Detailed Description

Introduction: Many people struggle with several chronic conditions at once. This is known as multimorbidity. The prevalence of multimorbidity is rising. Diabetes is one of the chronic conditions often associated with multimorbidity. The prevalence of diabetes is likewise increasing world-wide.

Having diabetes and multimorbidity can be a great burden for a person as they have to deal with symptoms, treatments, lifestyle changes and checkups. The picture complicates as many healthcare systems have a disease-specific approach rather than a patient-centered approach. This often leads to multiple different outpatient clinic contacts, possibly uncoordinated treatment and fragmented care. One can view the patient as a nomad between departments and sectors, often lacking coherence.

The aim of this study is to feasibility test a complex intervention designed to coordinate care and treatment for people with diabetes and multimorbidity prior to a large-scale randomised trial.
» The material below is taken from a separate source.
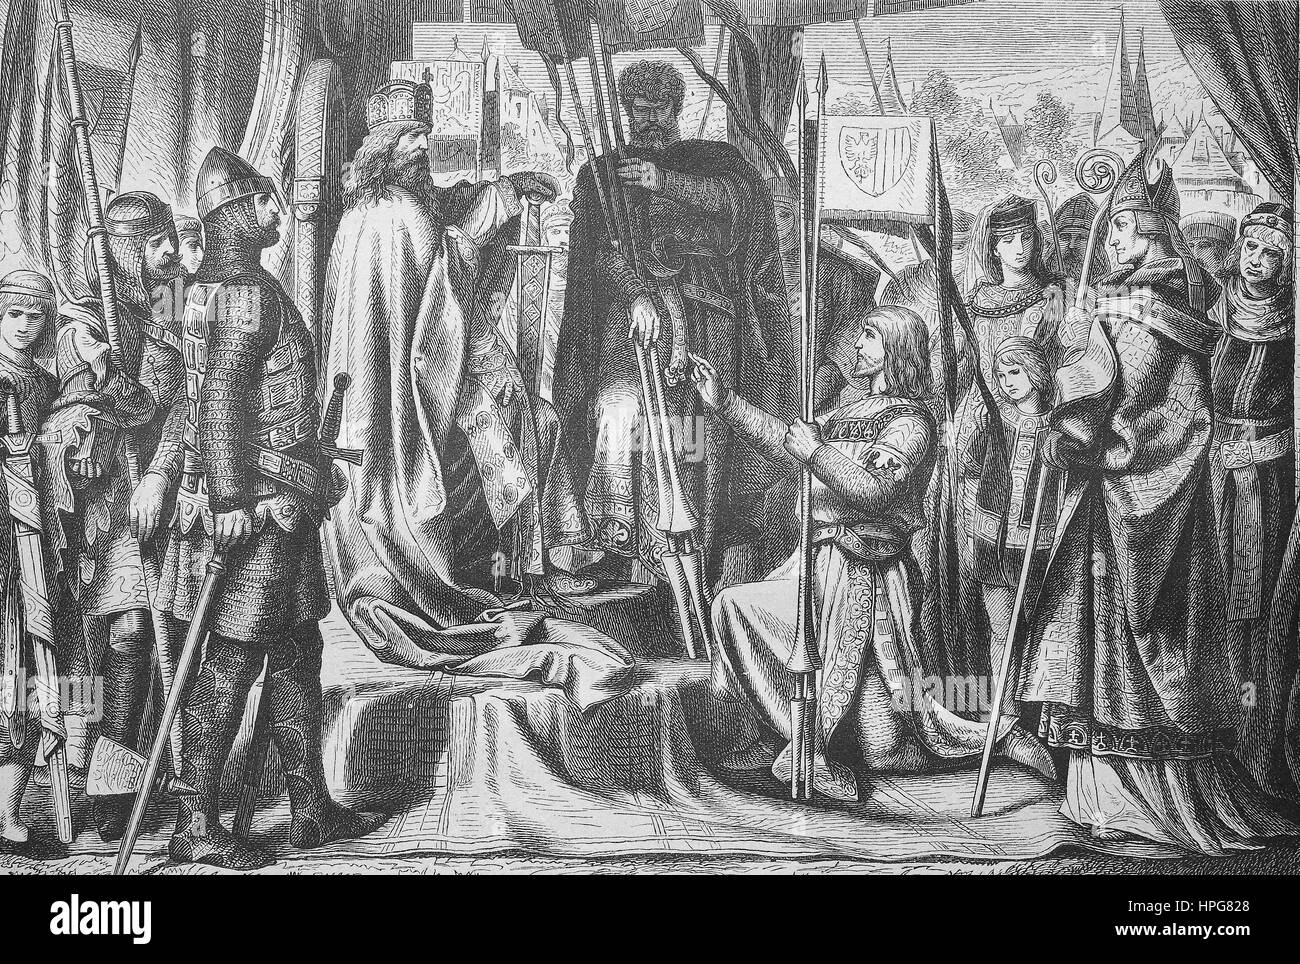 Heinrich II. wird als erster Herzog von Österreich belehnt, Henry II. war der erste Herzog von Österreich zu thronen, Heinrich II., Heinrich, 1112 - 1177, genannt Jasomirgott, war der Pfalzgraf bei Rhein von 1140 bis 1141, der Markgraf von Österreich von 1141 bis 1156, der Herzog von Bayern von 1141 bis 1156 als Heinrich XI, und der Herzog von Österreich von 1156 bis 1177. Er war ein Mitglied des Hauses der Babenberger, digital verbesserte Reproduktion eines Holzschnitt aus dem Jahr 1885 Stockfoto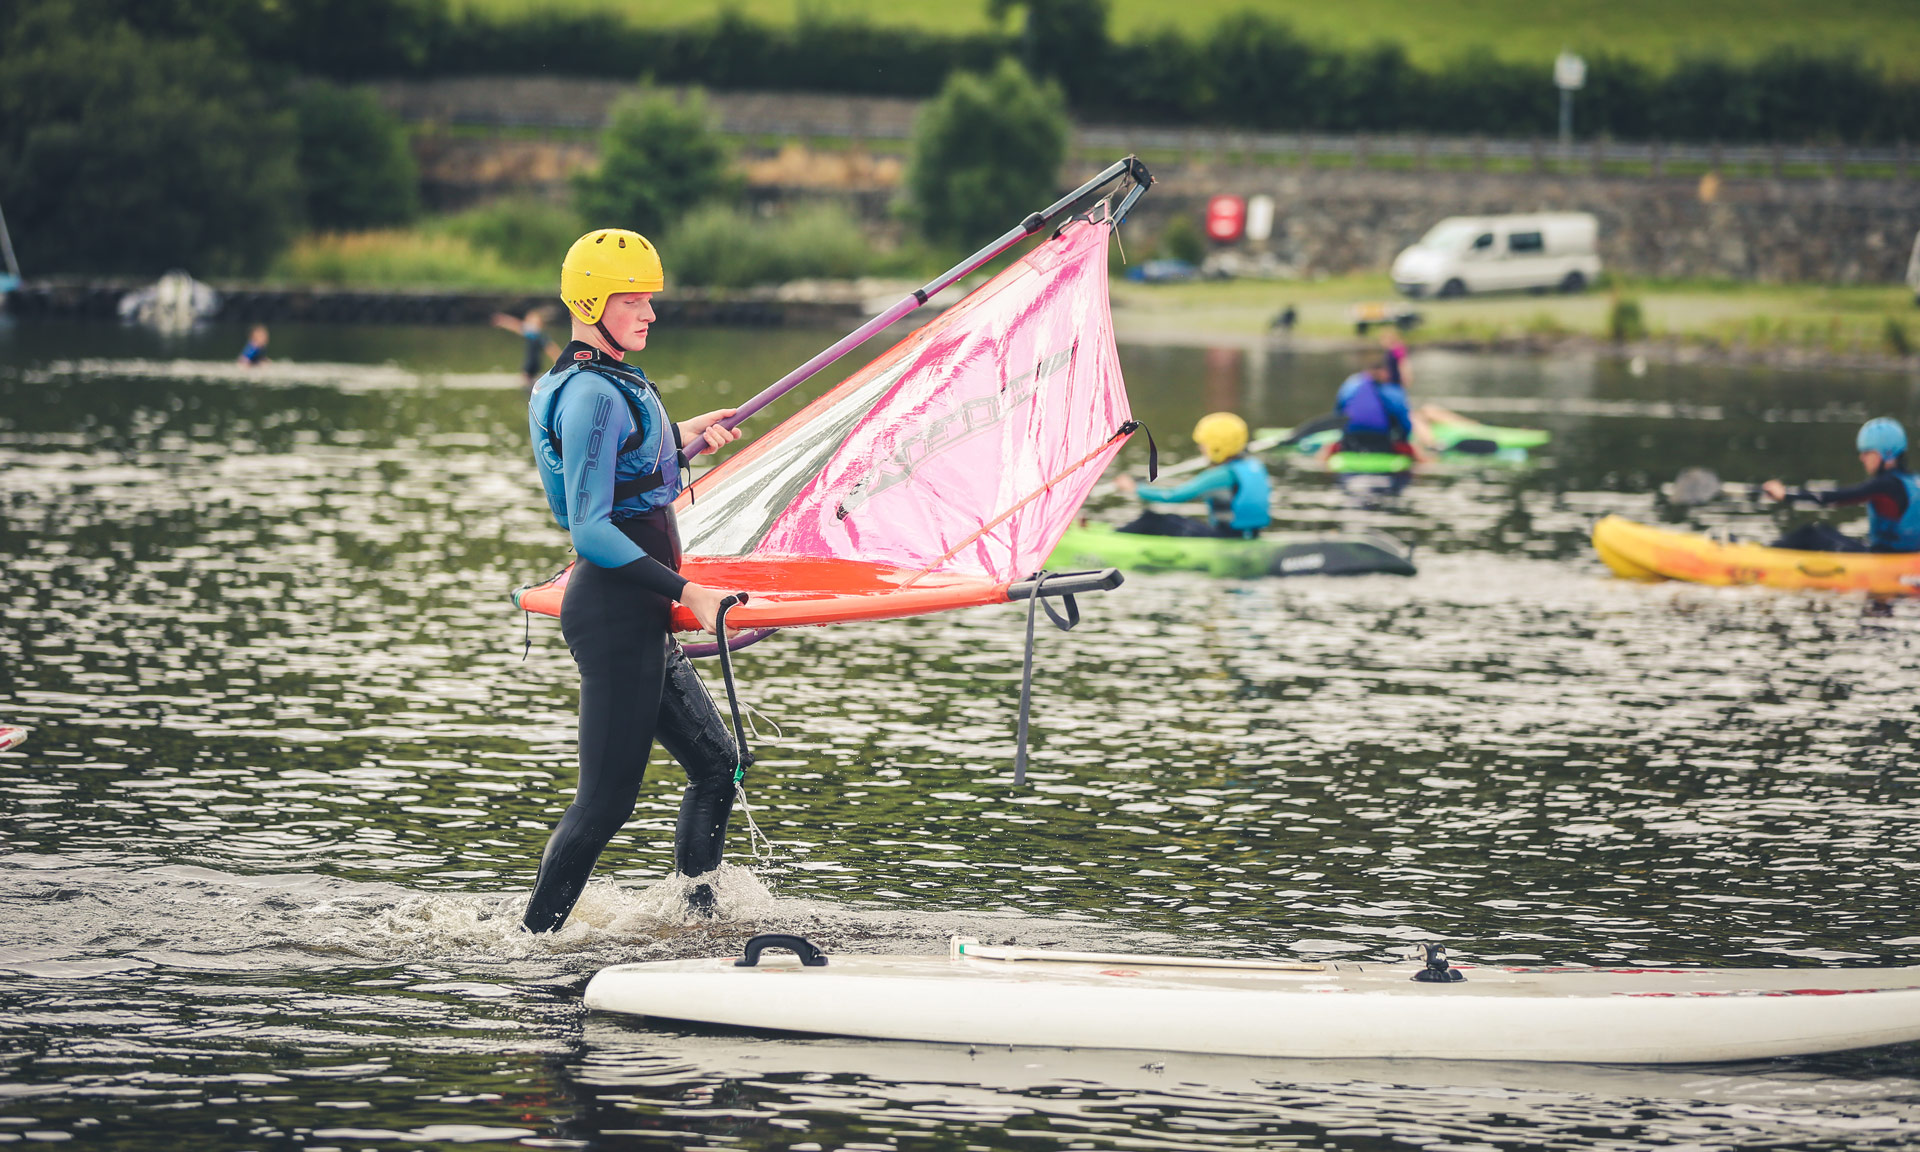 Man takes part in water activities on Llyn Tegid

Intervention: To gain a more patient-centered approach, better coordination of care and treatment and possibly increase life quality for people with diabetes and multimorbidity, a working group has set out to develop a complex intervention guided by relevant guidelines. The intervention consists of multidisciplinary team conferences (MDT) performed by medical doctors within the specialities of endocrinology, cardiology, respiratory medicine, nephrology and clinical pharmacology, called Network of dOctors for Multimorbidity and Diabetes - NOMAD. The doctors sit together every two weeks to discuss the treatment, coordinate care and review medications of referred patients with diabetes and minimum one other condition within the collaborating specialities. Patients can be referred from hospital departments or from their general practitioner (GP), in which case, the GP attends the meeting by video conference. Prior to the MDT, a questionnaire concerning health related quality of life is sent out to the patient. The same questionnaire is sent out 6 months after the MDT and followed by a contact to the patient - either physical or by phone by healthcare professional. The doctors review the answers before the MDT and use them as discussion support in the MDT. All doctors attending the MDT have time scheduled prior to MDT to prepare and read about the patients. Especially the clinical pharmacologist has extended preparation time to ensure a thorough review of the patients medications list - which oftentimes consist of more than 15 different prescriptions.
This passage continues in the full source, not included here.